A Decent Newspaper Gets Burned; Kahl’s Kool Aid
The only recent sign of hope came this morning, when Germany’s leading newspaper, the Sueddeutsche Zeitung, revealed that Bruno Kahl, head of the German Intelligence, was aping his U.S. counterpart, CIA Director John Brennan, late last year in claiming that the BND had evidence that Russia manipulated the voting for Trump, adding that the Kremlin is interfering in similar ways in Germany. Kahl read from the same script as Brennan and the U.S. “mainstream media,” telling the Sueddeutsche in November: “The perpetrators are interested in delegitimizing the democratic process as such.”

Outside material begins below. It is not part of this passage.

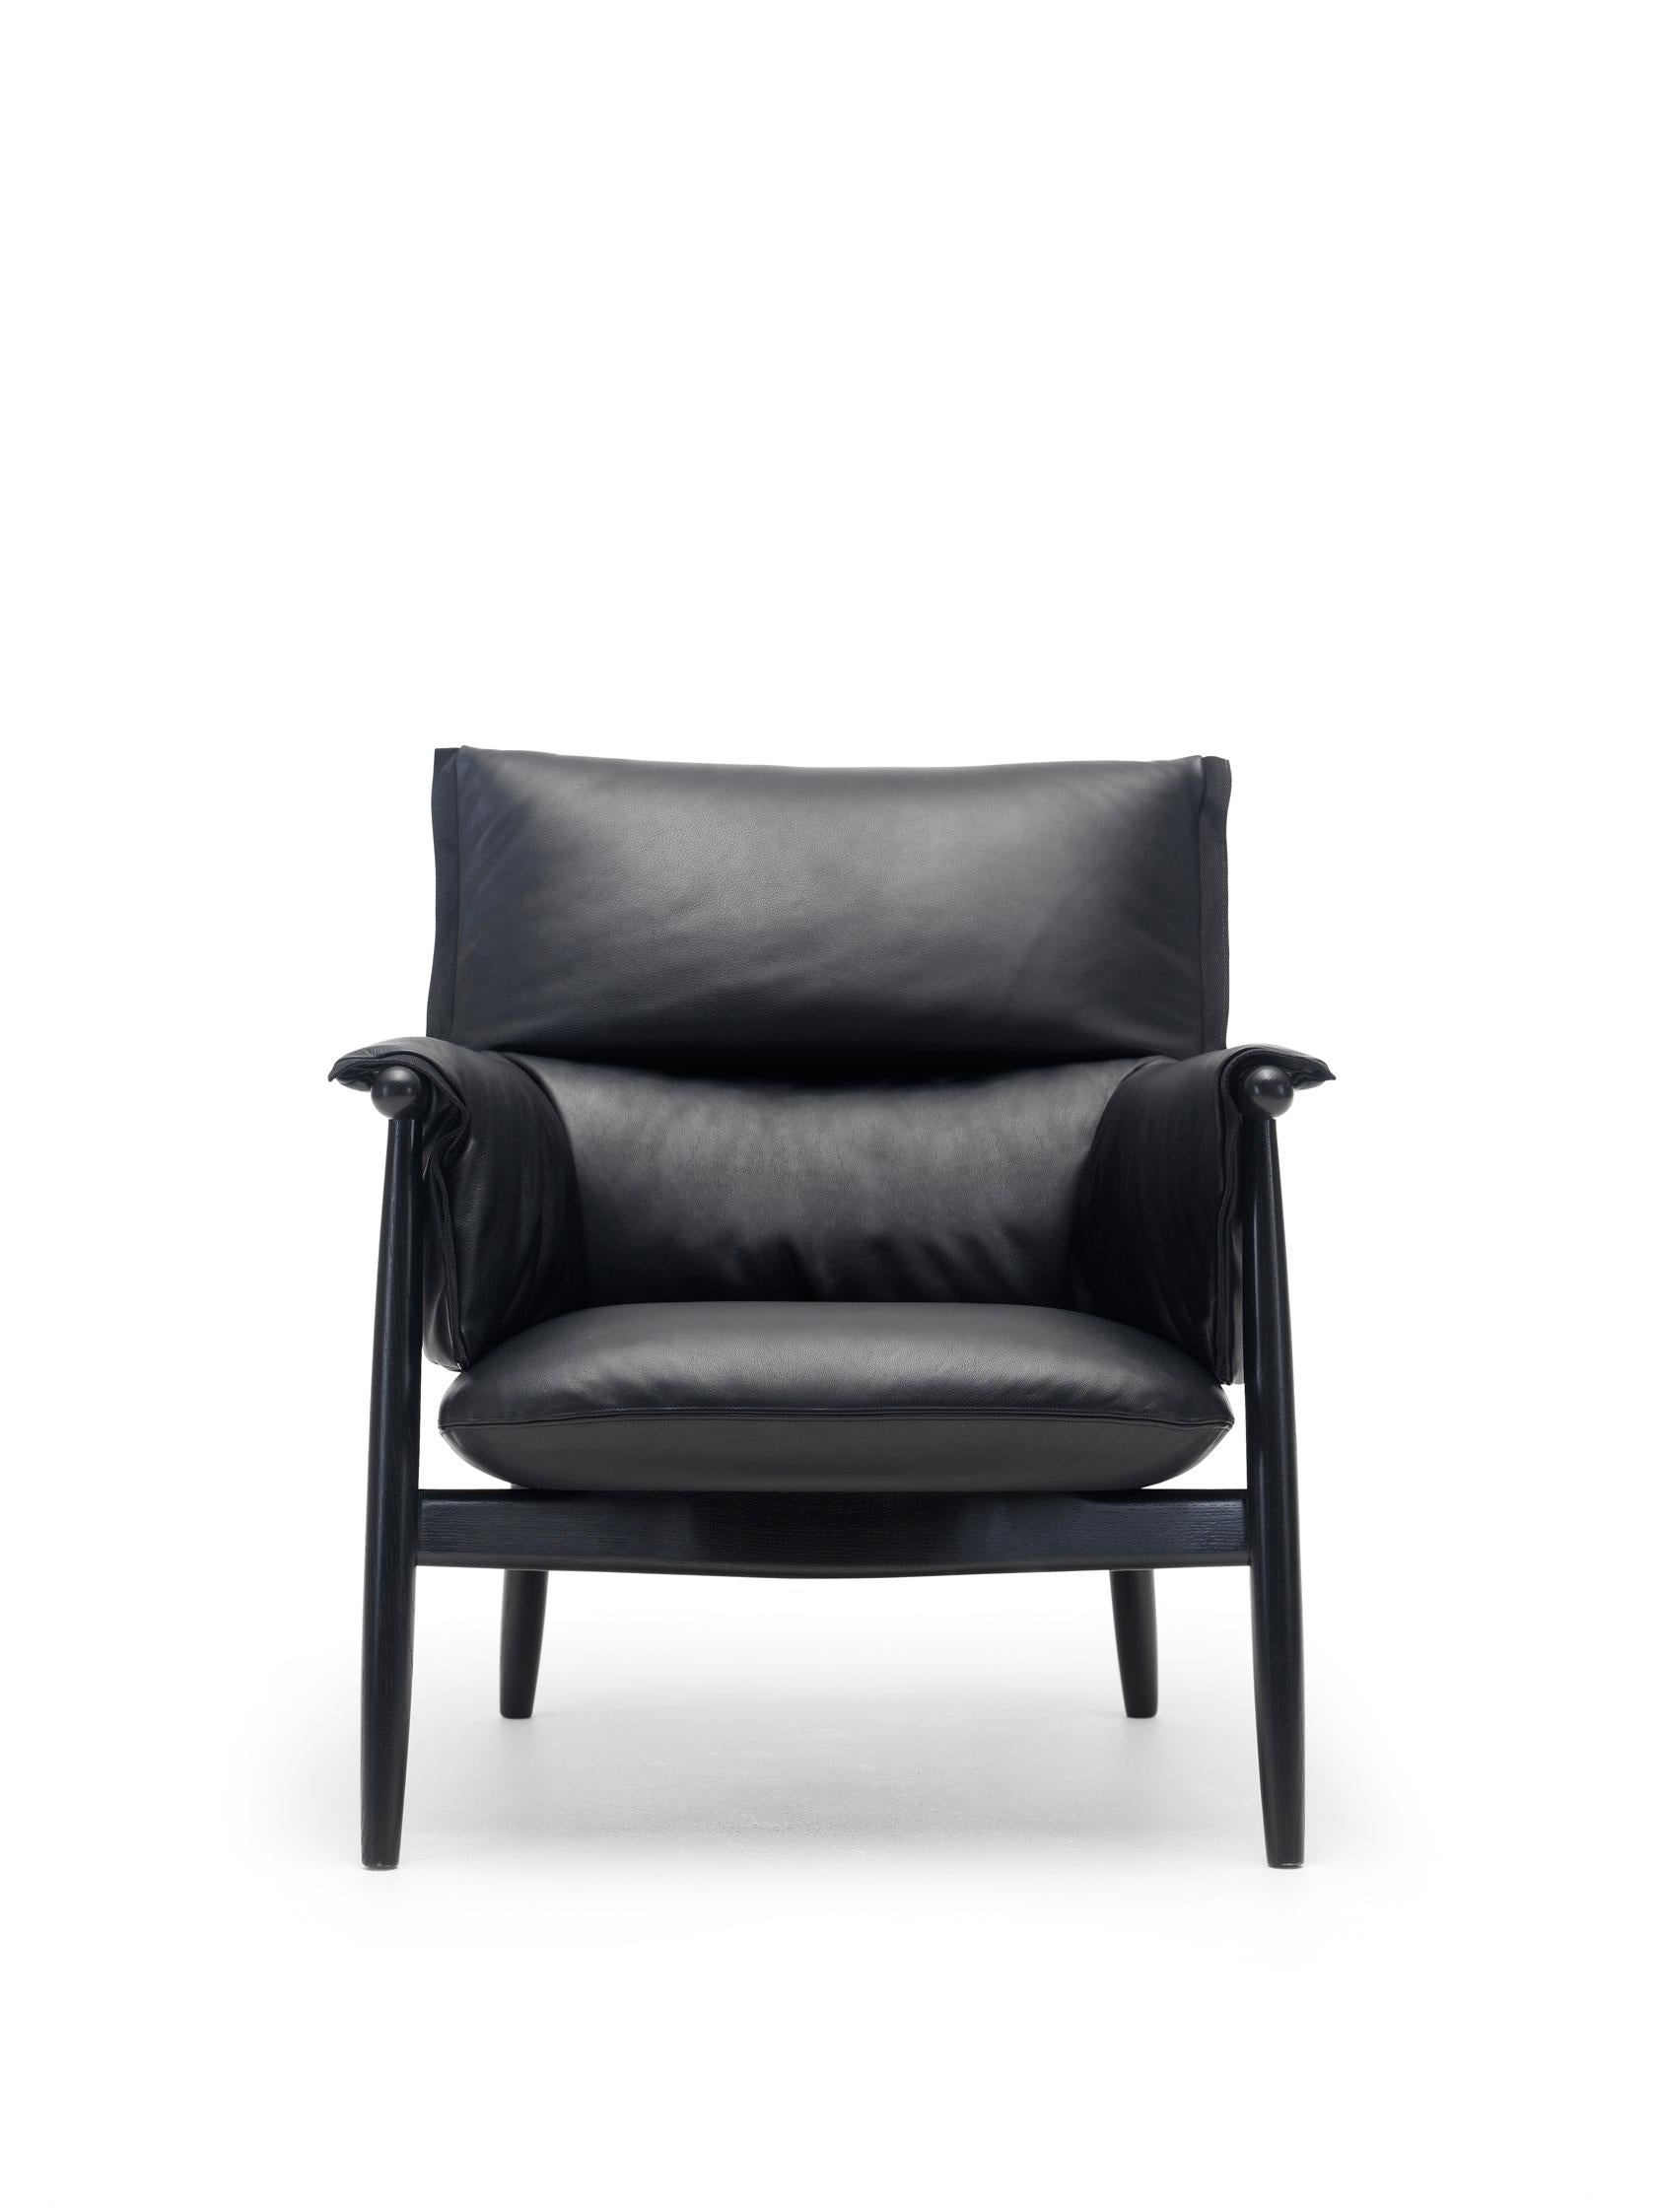 Black (Sif 98) E015 Embrace Lounge Chair in Painted Black Oak, Loke black leather, black edging

Apparently, the Sueddeutsche felt burned when it learned the truth after drinking Kahl’s Kool Aid and publishing it in November. Today the SZ was the first to publish the conclusion of a yearlong joint inquiry by the German equivalents of the CIA and FBI, which have been searching for evidence of Russian interference in Germany’s domestic affairs. “We have not found any smoking gun,” a German cabinet source told the newspaper.

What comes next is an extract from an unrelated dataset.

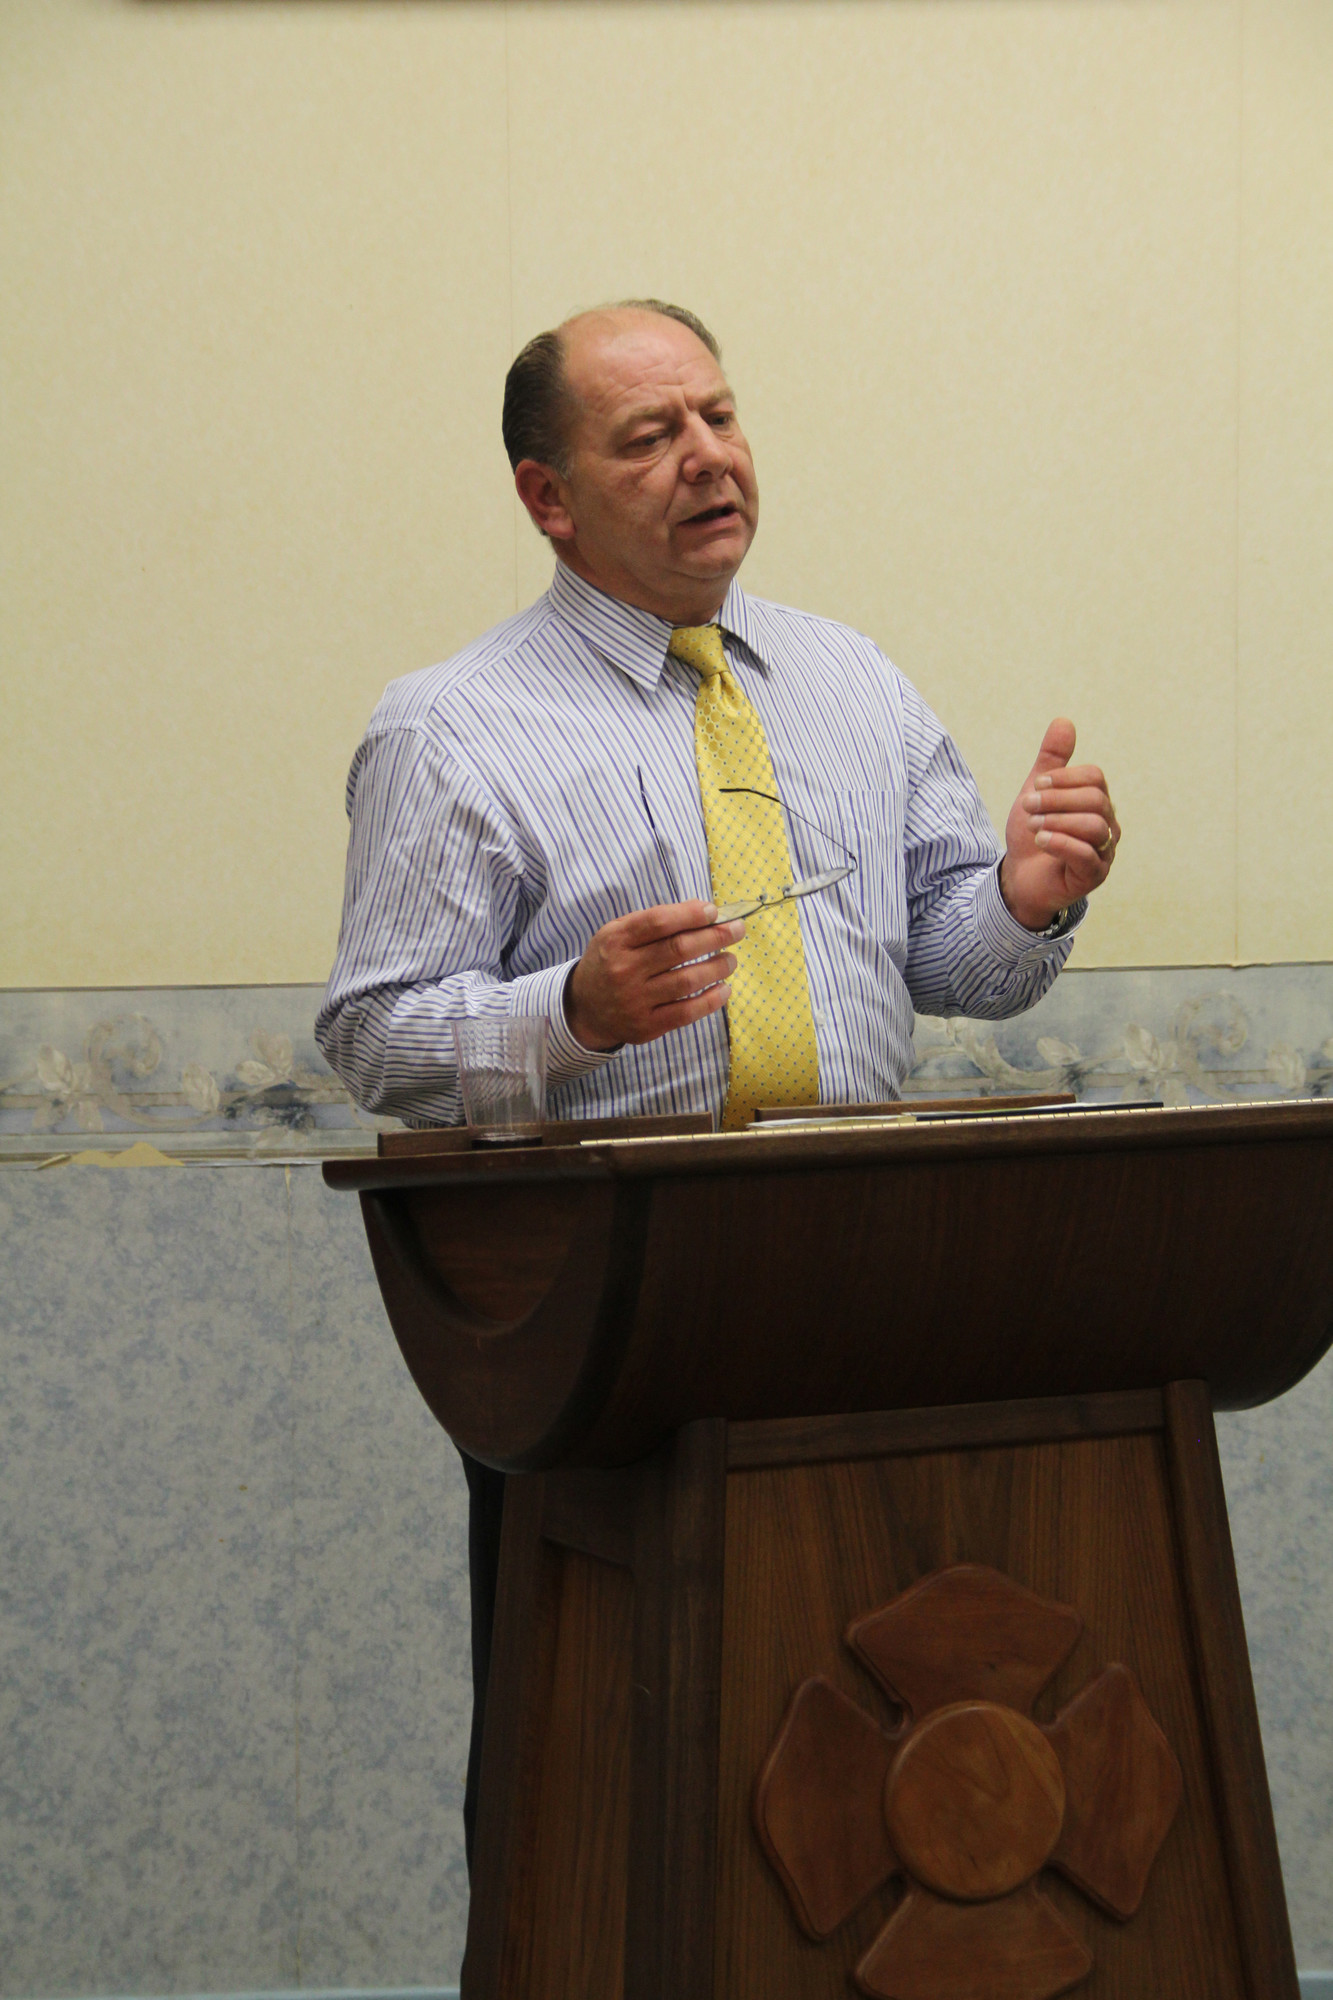 Past Chamber president Ken Jacobsen, of LPL Financial, organized the open house.

Like the almost dead horse in Washington, however, the German steed remains kicking. Chancellor Angela Merkel has sent the two spy agencies back to the drawing board. Her office has ordered a new inquiry, this one led by a joint “psychological operations group,” to investigate Russian news agencies’ coverage in Germany. Ray did a short interview on this earlier today: (See: https://youtu.be/A8vjhA9oGzk )
The “Sources and Methods” Canard
As for the facile, all-too-familiar excuse – used by Adam Schiff, for example – that one cannot risk compromising “sources and methods,” there are many effective ways to protect them and still disclose key information, when the situation requires. Ronald Reagan, for example, insisted that a TOP SECRET encoded communication between Libyan operatives responsible for a lethal bombing in Berlin be divulged, in full knowledge the U.S. intelligence capability to intercept and decrypt such communications would be blown (for higher national purpose). See:
If potential whistleblowers need still more inspiration/courage, it will be readily available this month, as movie theaters begin to show “A Good American,” featuring Bill Binney and a handful of his courageous colleague whistleblowers – playing themselves. ( agoodamerican.org/ ) Oliver Stone has given the film high marks, describing it earlier as a “powerful prequel to SNOWDEN.” (Note to NSA employees: remember not to use your own credit card to purchase a ticket.)
We have now wandered a bit from the Bill Binney’s interview on WBAI last week. It may be appropriate to close with a 200 year-old warning from Goethe, a quote that Bill managed to slip into that interview:
“No one is more a slave than he who thinks himself free, but is not.”
“Niemand ist mehr Sklave, als der sich für frei hält, ohne es zu sein*.